Option #2 is quite clearly a lie and everybody knows it, so why can’t we just be honest. You know, that thing we are always told we should be, but let’s face it from a young age we are all programmed to lie right from the “don’t tell mum”. And of course politicians set a blistering example of honestly.
So maybe we should all start being honest:  you want to job because you need the money, you have rent, bills and food to pay for, you have to, you know, live.

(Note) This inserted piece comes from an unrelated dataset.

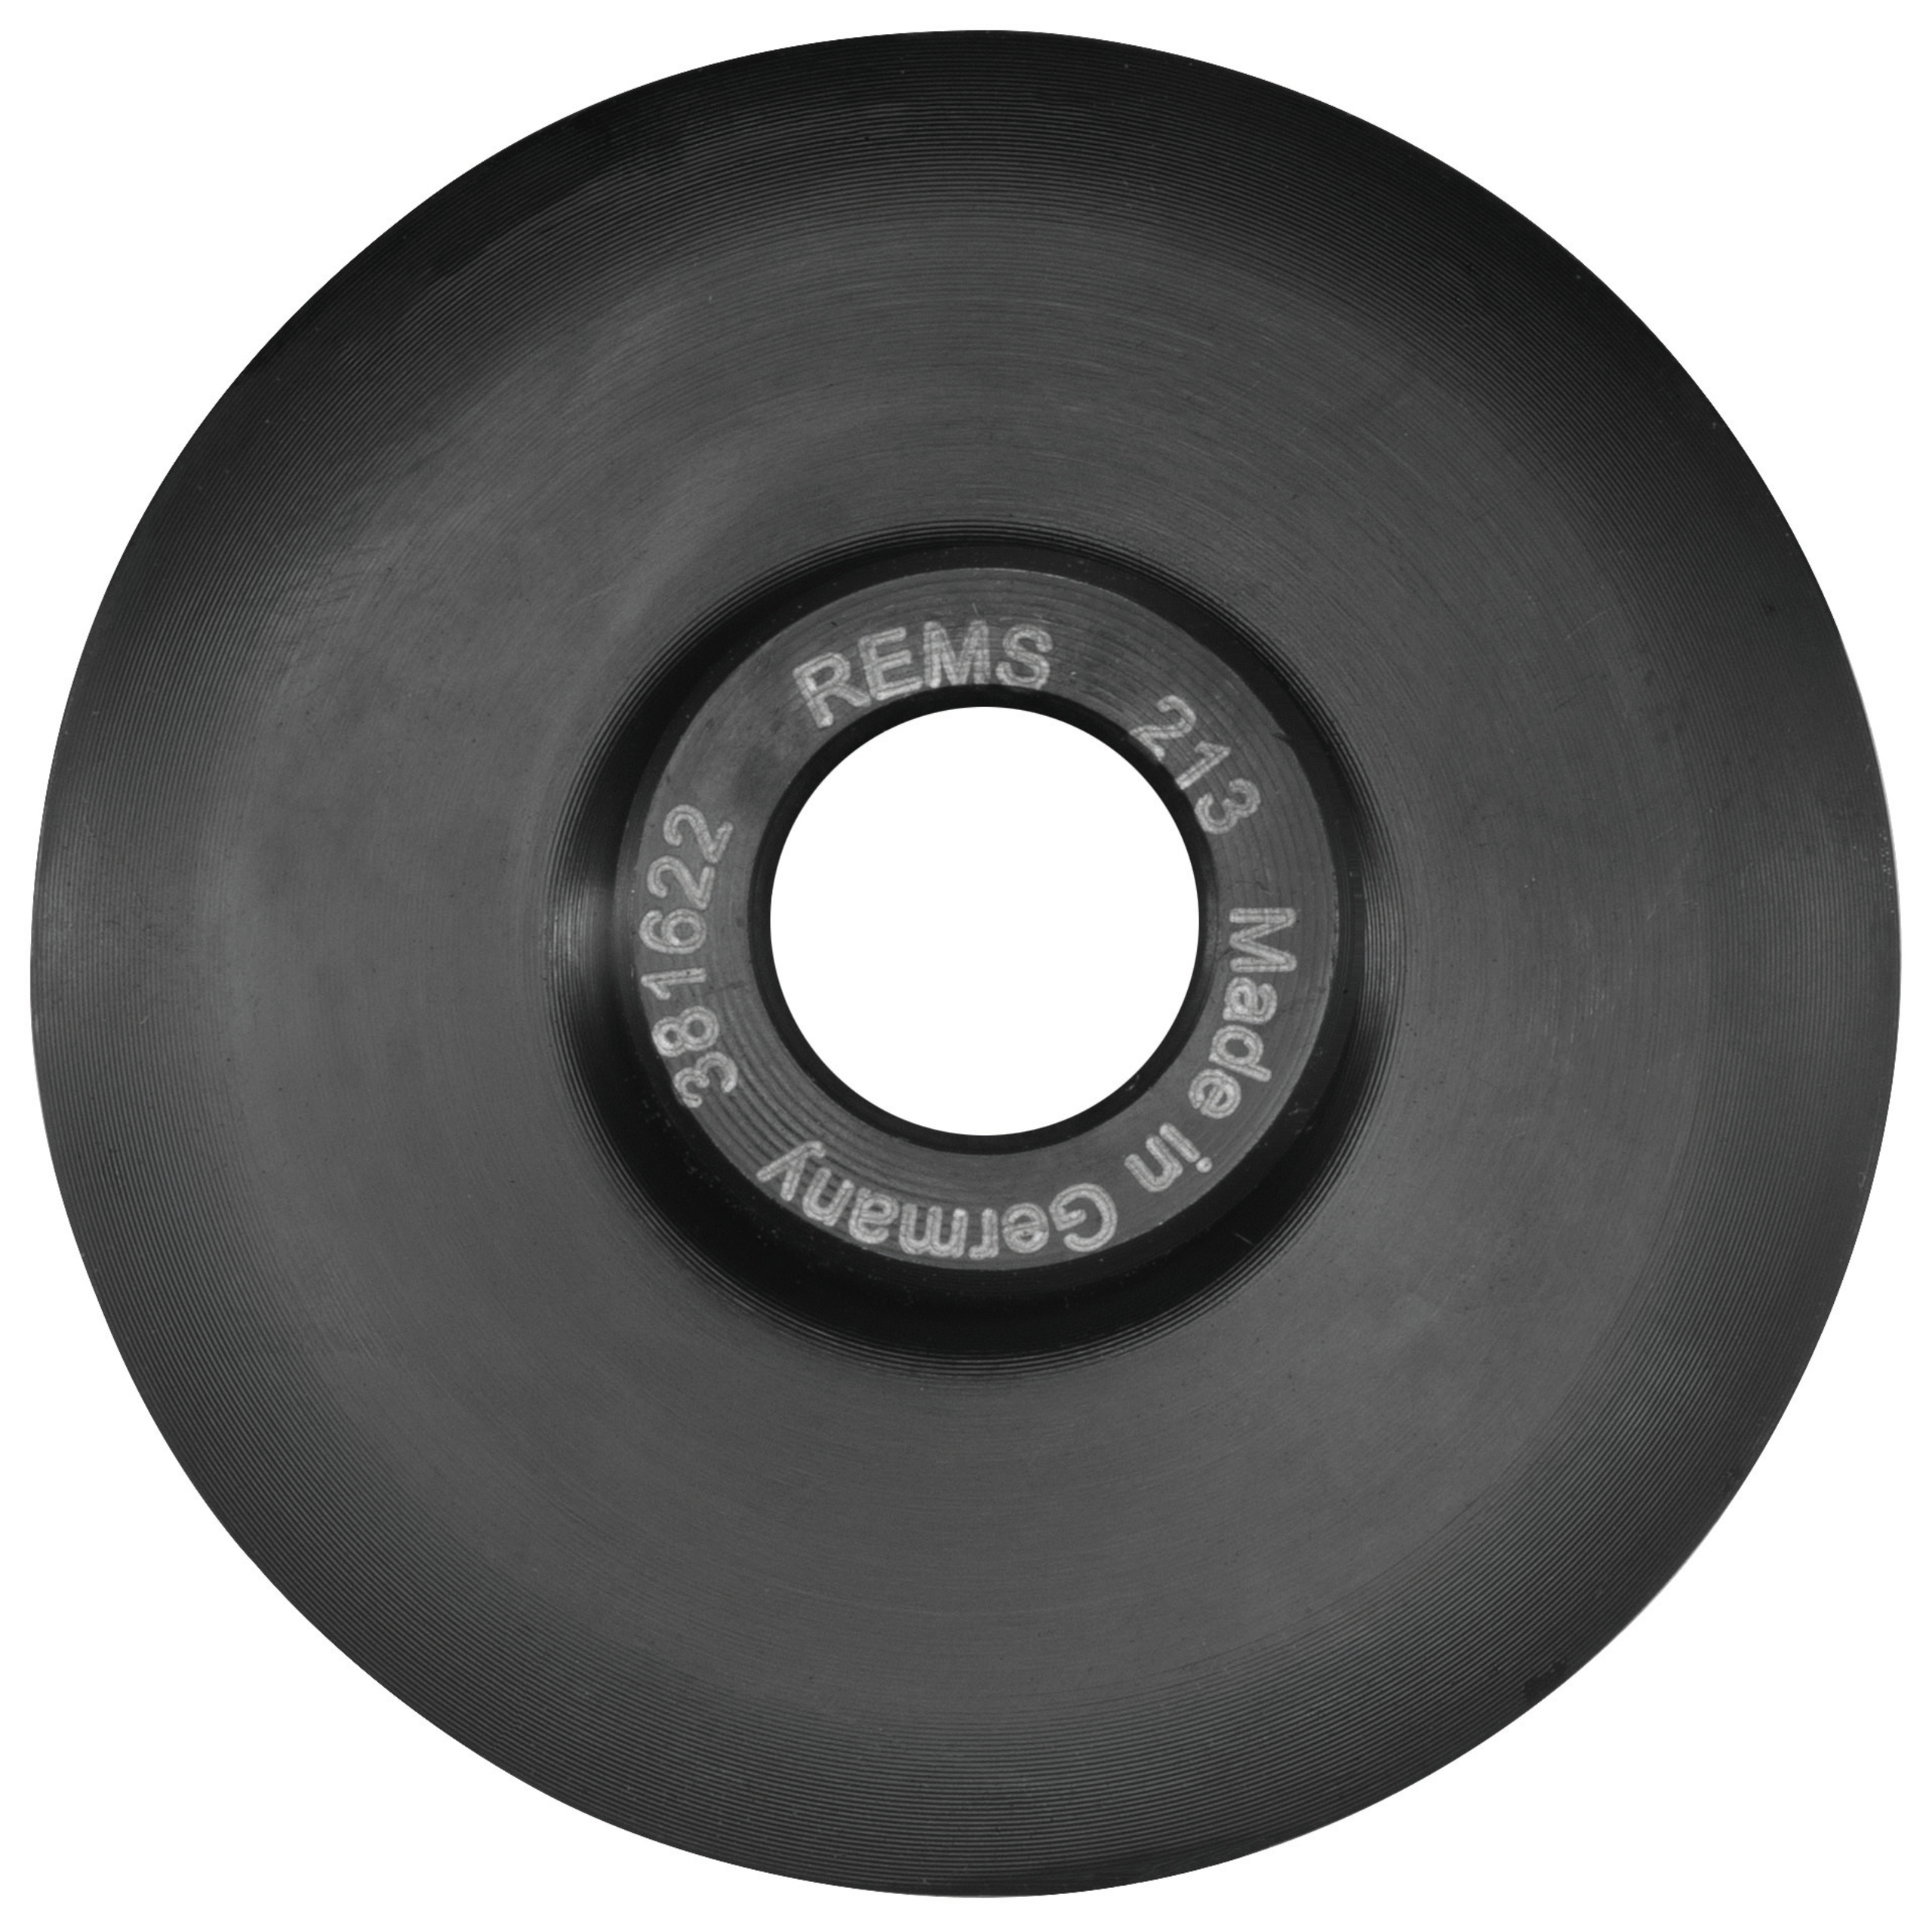 <br/>REMS cutter wheel St 1-4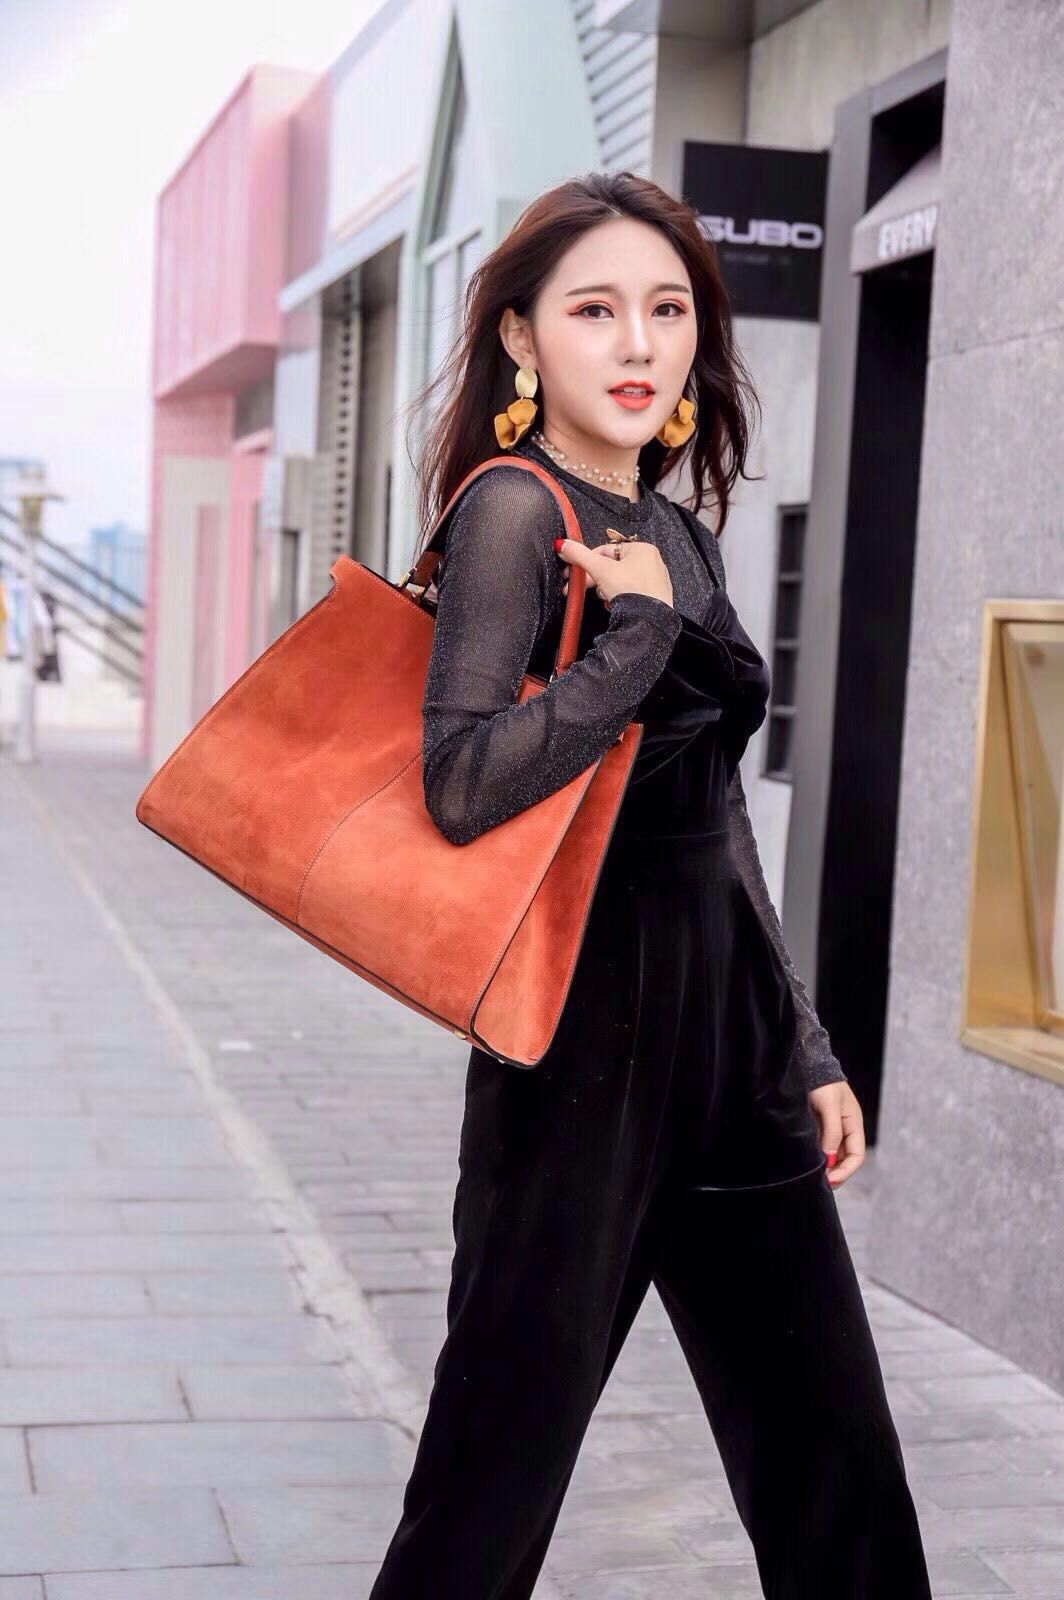 a335c8593f5 Fendi Peekaboo X-Lite Bag orange | Fendi purse and bags in 2019 ...

Next on the list of questions I hate is:
“What are your interests?”

My question is, why does this question need to be asked? What I do in my free time should not matter to any potential boss, so long as my outside activities aren’t being a mass murderer they are entirely my business. As they have no impact on work performance they should not be taken into consideration during the application process.

“Oh I really to cook, so don’t mind me if I casually stroll over to the bakery section to start cooking up a storm rather than stacking your shelves.”

Another one that I dislike is being asked what skills I have, mainly because I find it difficult to answer. I’m good at making a room a mess in record time, but I don’t think they want to know about that skill. All this talk of jobs just reminds me that the Job Centre is still top of my list for most useless people ever.

The Job centre seems to be incapable of keeping appointments and doesn’t seem to think that I need to know things in advance. I went 2 weeks ago to go to a meeting which turns out to have been rearranged but nobody told me that. I go to sign on two days later only to be told the time they originally gave me is wrong. I go today to go to that rearranged meeting and guess what? Cancelled. She re-books it then says that she won’t give me the letter with the appointments details on, and that she will give it to me the next time I’m there, (which I think she said was 6 days before this appointment, so mental note to myself: “Don’t arrange anything more than 6 days in advance I might have a phantom appointment”.) Oh and have I mentioned that if I don’t turn up to appointments my payment is stopped? I have to let them know a day in advance of my appointment, but they don’t feel the need to tell me when they’ve cancelled it. Sounds fair.